Supplied data

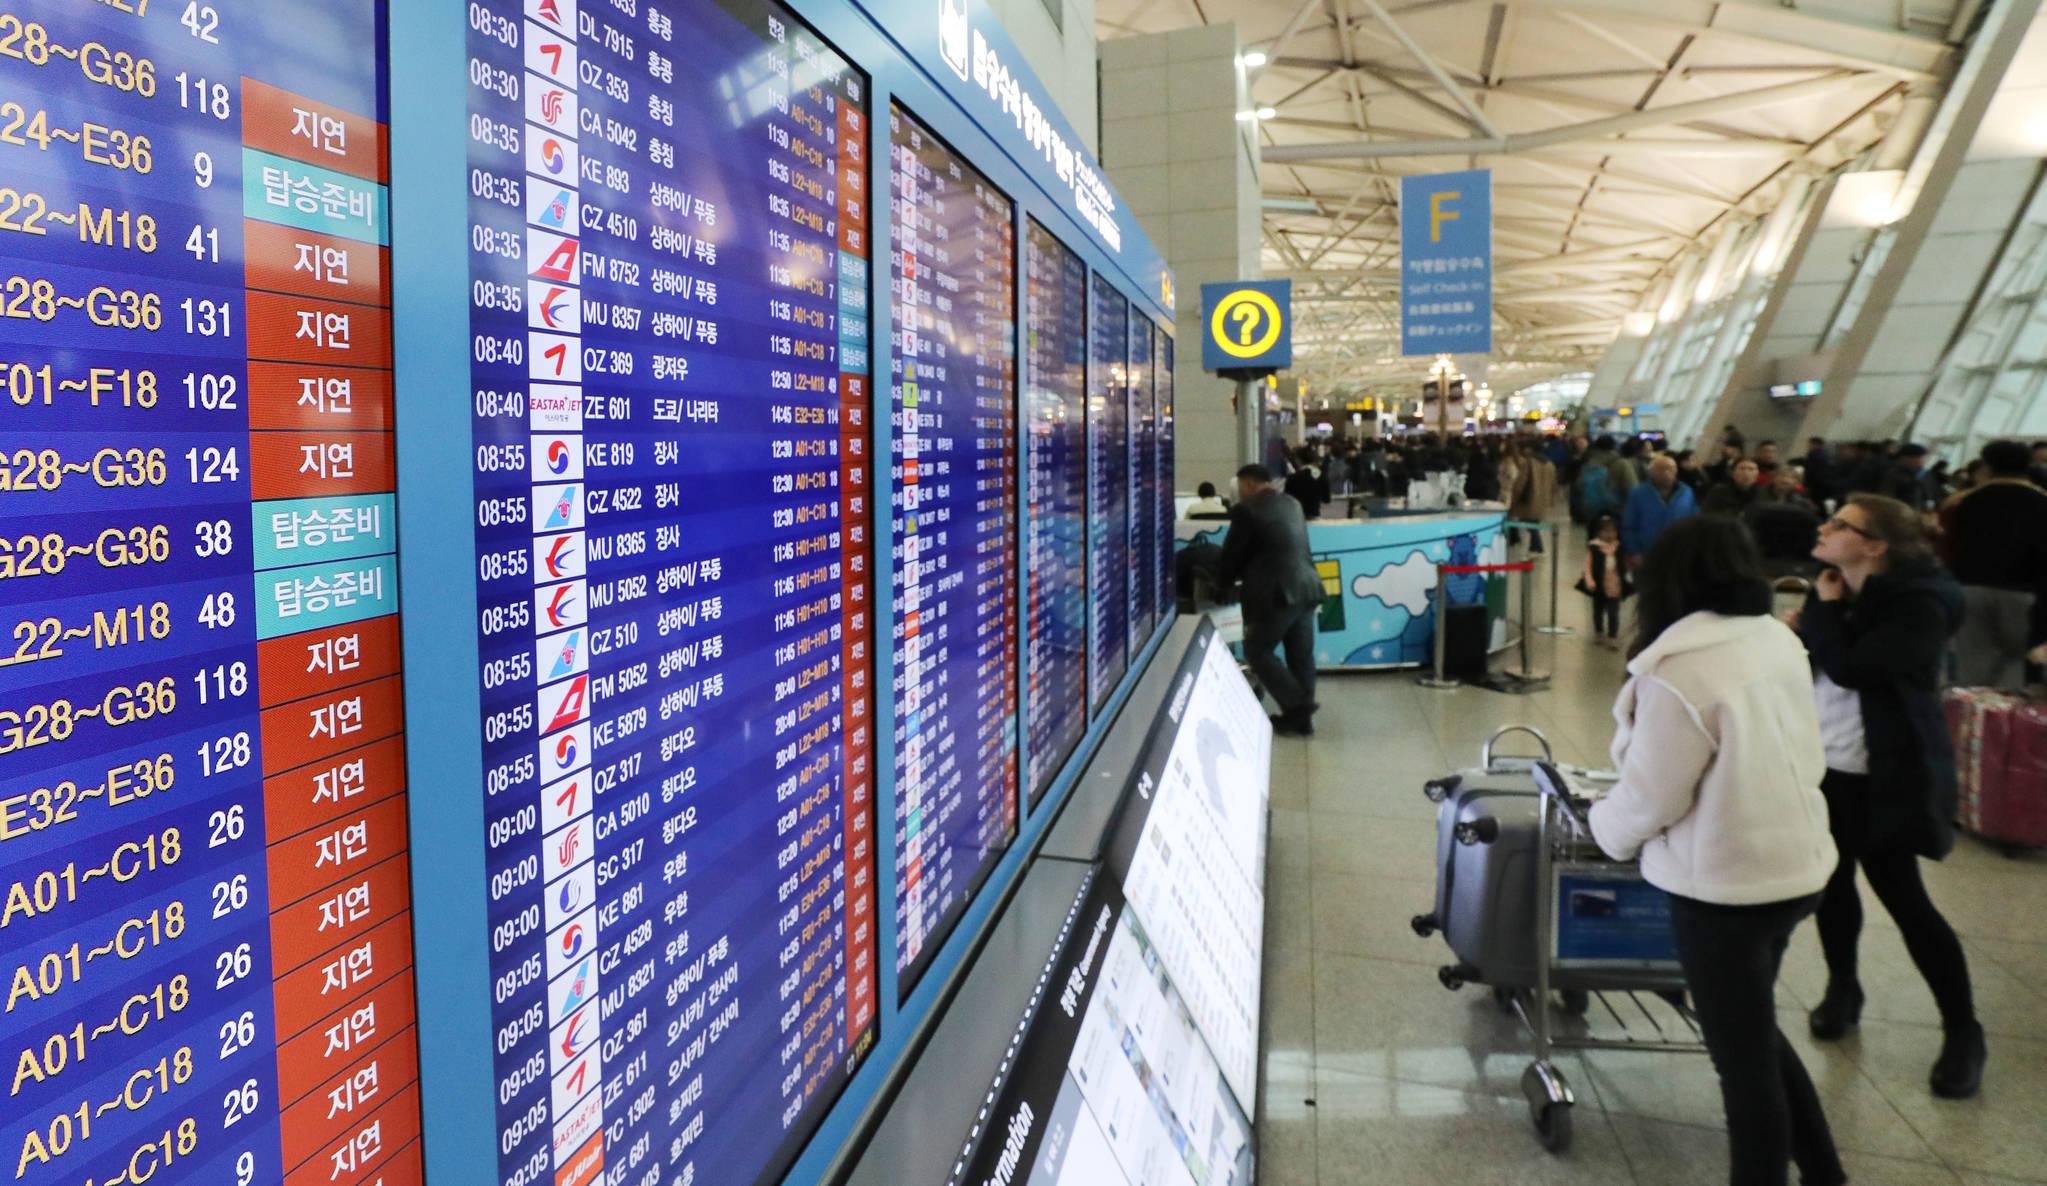 항공기 출발이나 도착이 예정보다 크게 늦어지면 승객들은 적지 않은 불편을 겪게 된다. [연합뉴스]
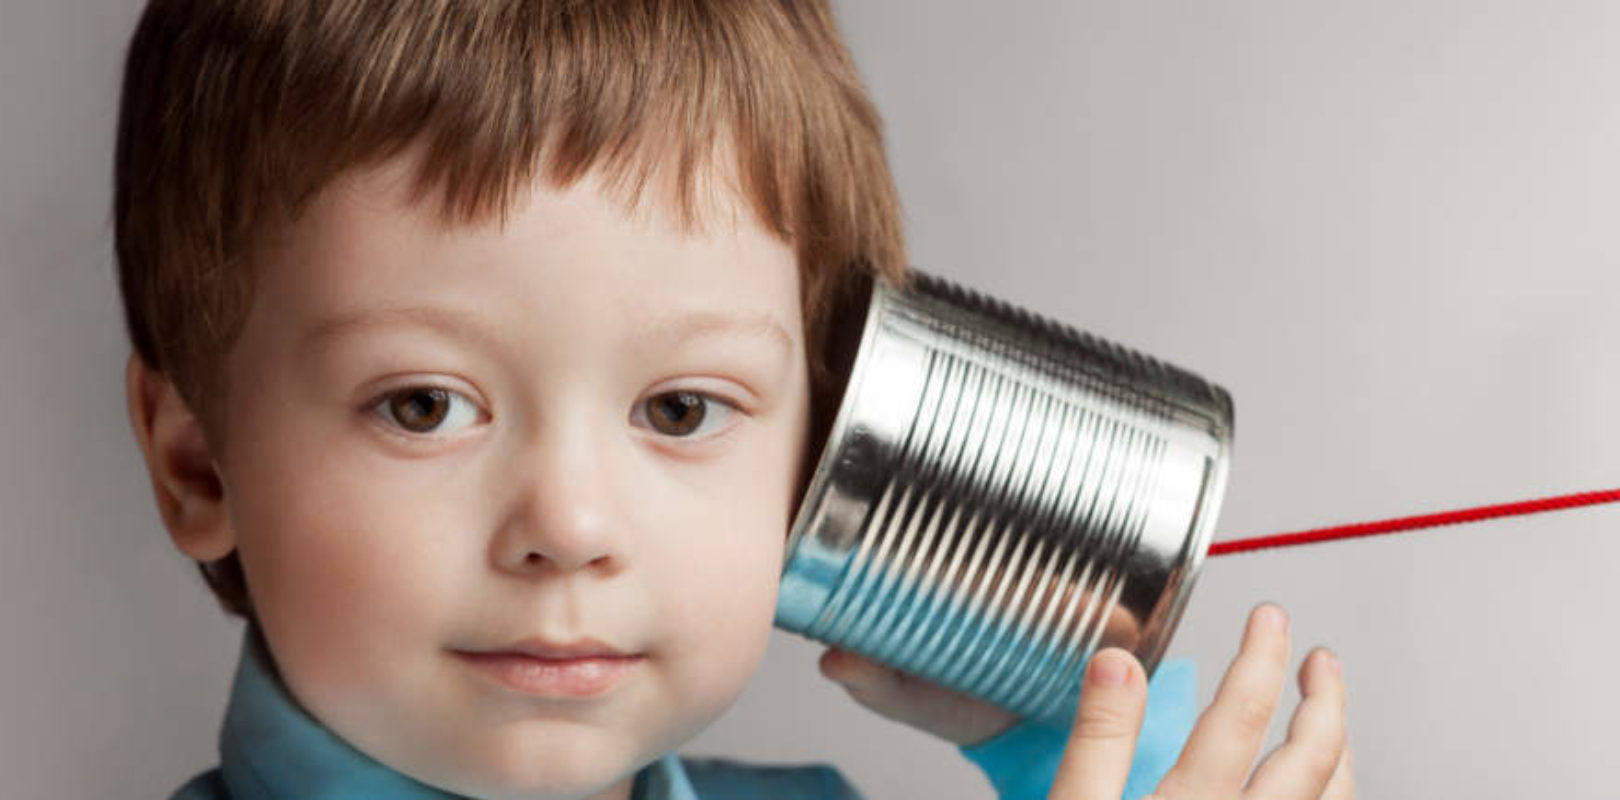 Sprachprobleme bei Kindern
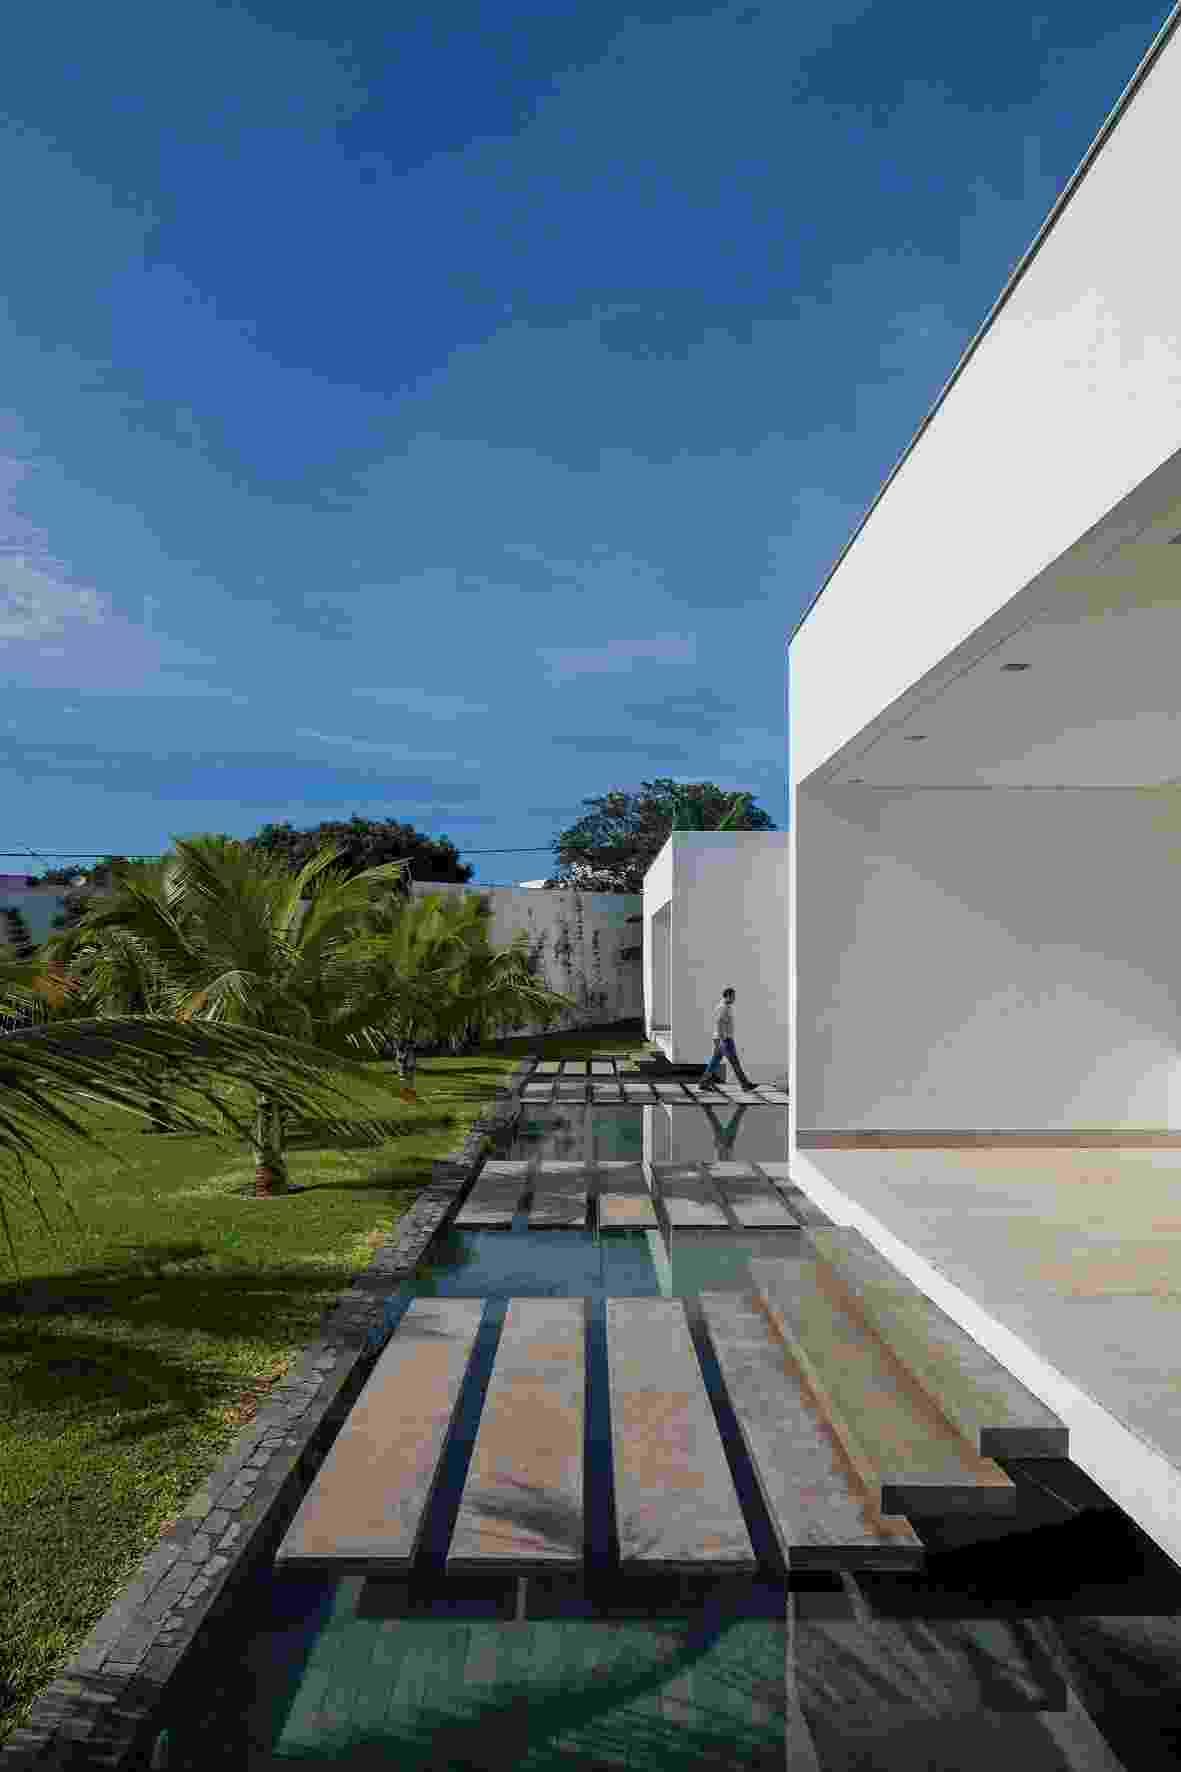 Aproveitando o suave desnível do terreno, criou-se um jardim e um espelho d?água que reflete o volume dos dormitórios, este elevado a 80 cm. O acesso aos quartos se dá por degraus apoiados em pilares centrais que dão a sensação visual de estarem flutuando - Leonardo Finotti/UOL

Assignment
Please copy the data above exactly; the pictures do not belong in the copy.

Solution for this task
 항공기 출발이나 도착이 예정보다 크게 늦어지면 승객들은 적지 않은 불편을 겪게 된다. [연합뉴스]
 Sprachprobleme bei Kindern
 Aproveitando o suave desnível do terreno, criou-se um jardim e um espelho d?água que reflete o volume dos dormitórios, este elevado a 80 cm. O acesso aos quartos se dá por degraus apoiados em pilares centrais que dão a sensação visual de estarem flutuando - Leonardo Finotti/UOL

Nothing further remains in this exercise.